また、左右の耳にワイヤレスイヤホン10を装着した場合、利用者の体の向きや、音源との位置関係により、左右の周囲音(入力音)のレベルが異なる場合がある。このような場合に、本実施形態による音響システム1では、2つのワイヤレスイヤホン10(左イヤホン10-L、右イヤホン10-R)のそれぞれが、独立して、耳に聞こえる音の音量を調整するため、利用者は、左右の耳で同一の音量の音を聴くことができる。すなわち、本実施形態による音響システム1は、利用者の立ち位置によらずに、同一の周波数特性で、左右同一の音量で聴くことができる。
【0078】
また、本実施形態による音響処理方法は、外部の音(周囲音)を収音するFFマイク12と、利用者の耳に装着した際に、出力音を含む耳に聞こえる音を収音するFBマイク13とを備え、利用者の耳に装着可能なワイヤレスイヤホン10の音響処理方法であって、第1処理ステップと、第2処理ステップと、ゲイン調整ステップと、出力ステップとを含む。第1処理ステップにおいて、ANC処理部140が、FBマイク13が収音した耳に聞こえる音に基づいて、FFマイク12が収音した入力音を、アクティブノイズコントロールを用いて、音響調整する。第2処理ステップにおいて、AS部142が、入力音を所定のフィルタ処理する。ゲイン調整ステップにおいて、ゲイン調整部147が、入力音のレベルに応じて、ANC処理部140の出力とFBマイク13の出力とを組み合わせて、周波数に対する耳に聞こえる音の減衰量の特性が所定の特性及び音量になるように調整する。出力ステップにおいて、スピーカ15が、ゲイン調整部147によって調整された音信号に基づく出力音を出力する。

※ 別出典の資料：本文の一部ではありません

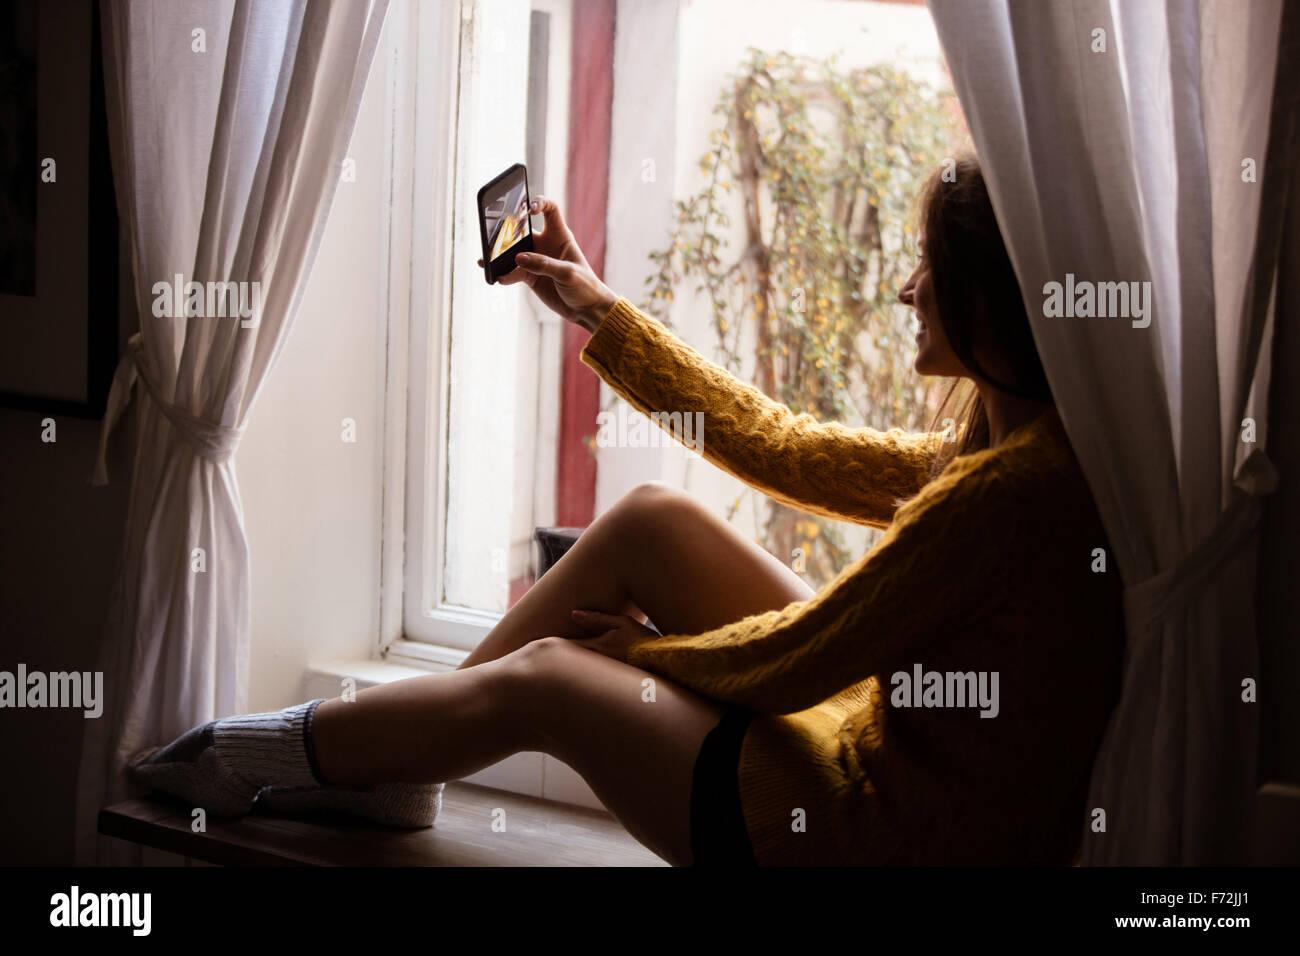 Junge Frau, die eine Selfie am Fenster Stockfoto

これにより、本実施形態による音響処理方法は、上述したワイヤレスイヤホン10と同様の効果を奏し、外部の音を適切な音量と音色とで聴きつつ、利用者の耳を適切に保護することができる。
【0079】
なお、本発明は、上記の実施形態に限定されるものではなく、本発明の趣旨を逸脱しない範囲で変更可能である。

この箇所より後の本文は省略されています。